Previous activism has seen Andrews her chain herself to a gate, climb onto a freight train and glue herself to a motorway.

She said she was feeling strong after three weeks in the bucket, where she ate food she would normal eat on a tramp like cereals, protein bars and dehydrated meals she had prepared in line with the dietary restrictions for her autoimmune health issues.

Rach Andrews is on bail at home and cannot travel to the West Coast
Rach Andrews is on bail at home and cannot travel to the West Coast

She said she and Taptiklis were good friends and supported each other during rough moments in the bucket.

They spent time doing Wordle, puzzles, reading, contacting family and friends, creating content for social media and making sure their tarpaulin roof was wind and waterproof.

They urinated into a bucket that they tipped over the side, and used a “really big, triple-lined, huge industrial-strength dry bag” for solid waste.

Climate change protesters have occupied coal buckets at Stockton mine twice this year.
Climate change protesters have occupied coal buckets at Stockton mine twice this year.

She will be defending charges of climbing into the coal bucket in April for three days at a judge-alone trial, and has not entered a plea to the latest charges.

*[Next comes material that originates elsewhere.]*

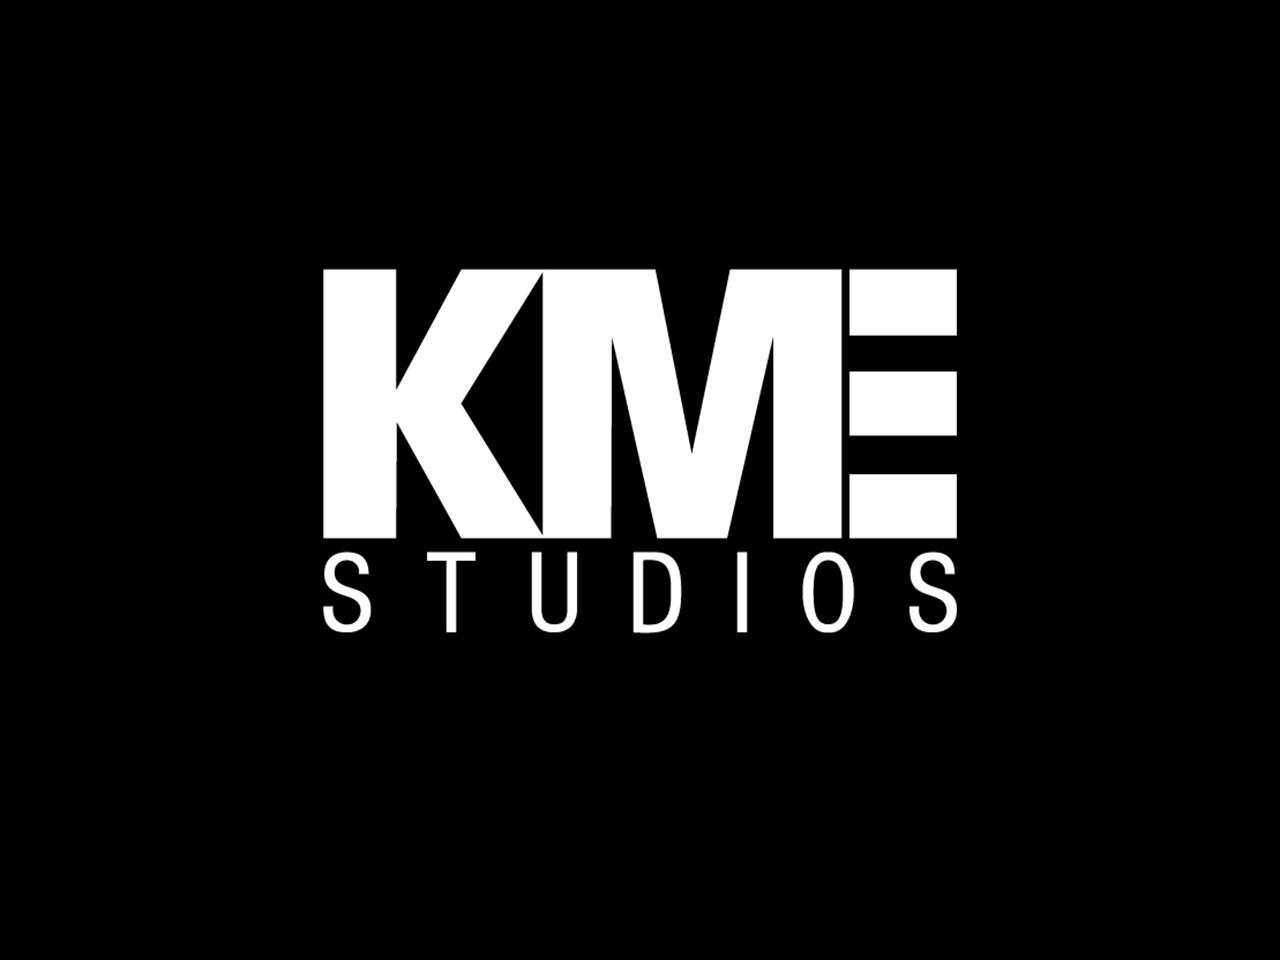 fotoproduktion-werbung-kme-studios

Released on bail, she must not travel to the West Coast, contact Taptiklis, take part in any protest and remain in her home for 22 hours a day. She lives with seven others in a community house in Wellington.

“I don’t think people who are fighting for justice are the criminals,” she said. “I realise that according to the letter of the law I’m accused of breaking some of those laws and there are consequences for that.”

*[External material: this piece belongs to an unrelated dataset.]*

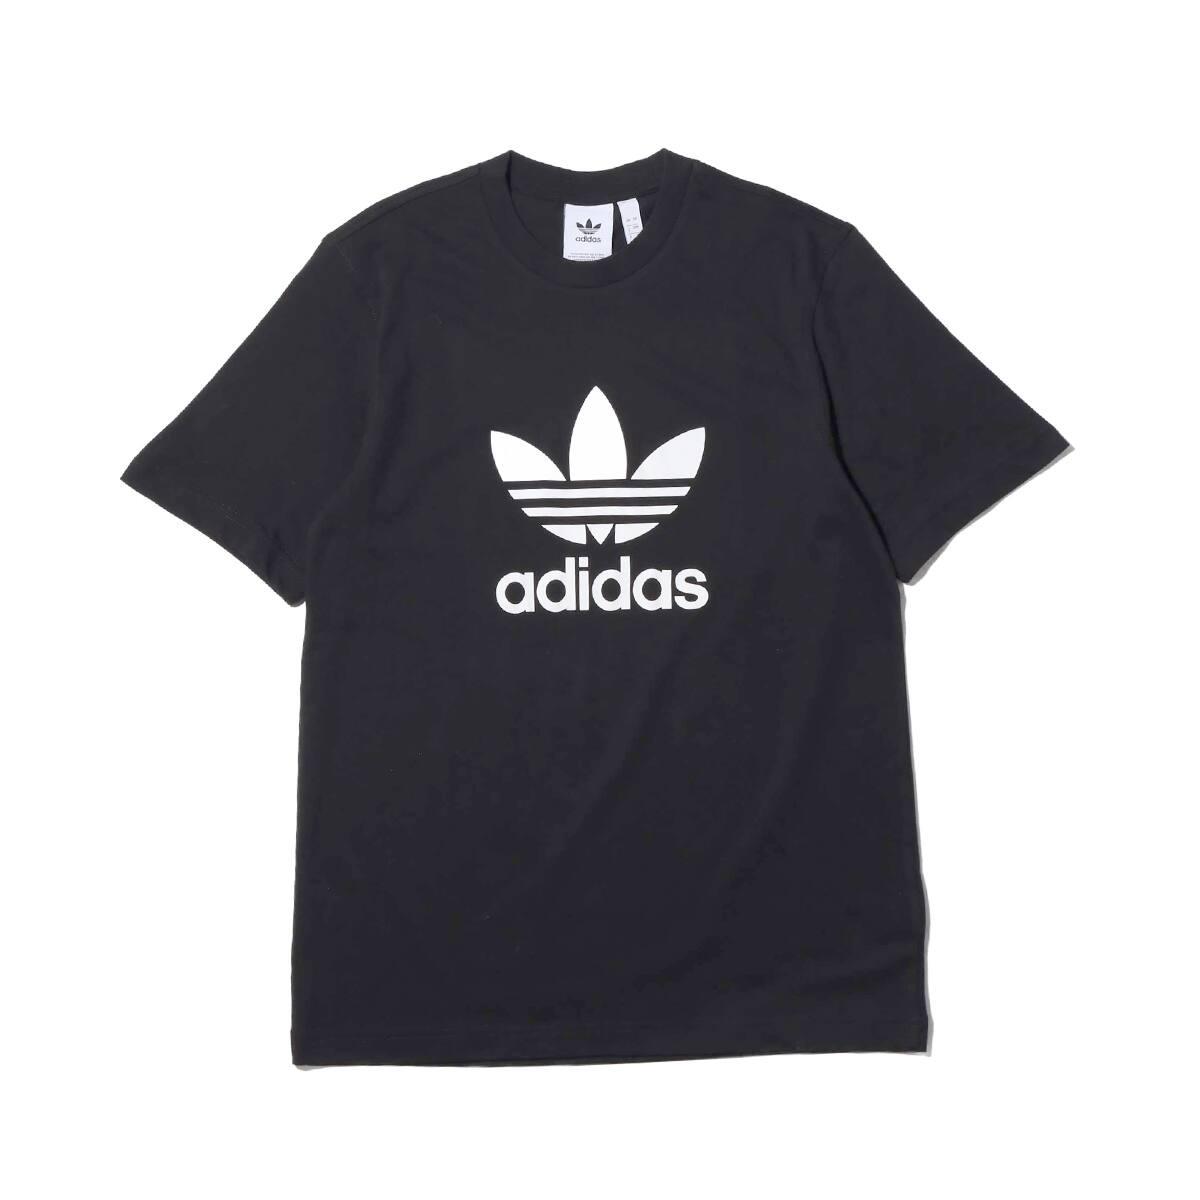 adidas Originals TREFOIL TEE Black 19SS-I_photo_large

Taptiklis said he got involved because he believed the Stockton mine expansion was the most environmentally damaging of any of the projects on the fast-track list.

Tamati Taptiklis has been involved in environmental campaigning for 18 years.
Tamati Taptiklis has been involved in environmental campaigning for 18 years.

He said Denniston was a stunning landscape that had unique and ancient rock formations, as well as an endemic carnivorous plant that catches flies and only grows there due to the soil chemistry.

“It is just absolutely phenomenal to walk through virgin 40-million-year-old forest and then see suddenly 100m away the forest has been sliced down and there’s a gaping hole and a pit filled with black water,” he said.

Taptiklis, who grew up in Wellington, said he has a degree in ecology and biodiversity from Victoria University but has worked as a crisis counsellor in the mental health sector and as an outdoor instructor.

For the past 18 years he has been involved in trying to inspire and educate people to take steps to look after the climate, including organising climate festivals and a campaign for people to take shorter showers.

“I discovered after a few years that shorter showers is not going to cut it when multinational corporations are ripping the coal out, burning it and putting it in the atmosphere. Petitions might be helpful on some level but ultimately they haven't delivered any change.”

He said people had told him that while the climate was important, climbing into a coal bucket was not the right way to protect it.

Taptiklis said the prospect of a conviction was unimportant when an estimated million people were prematurely dying every year globally because of the impact of climate change.

He said he made the decision many years ago not to have children because there would not be enough resources for them to get through life.

“I’ve grieved every day for the children that I don’t get to have a relationship with. I have 12 nephews and nieces and I want them to have a chance to have a life as comfortable as my generation has had.”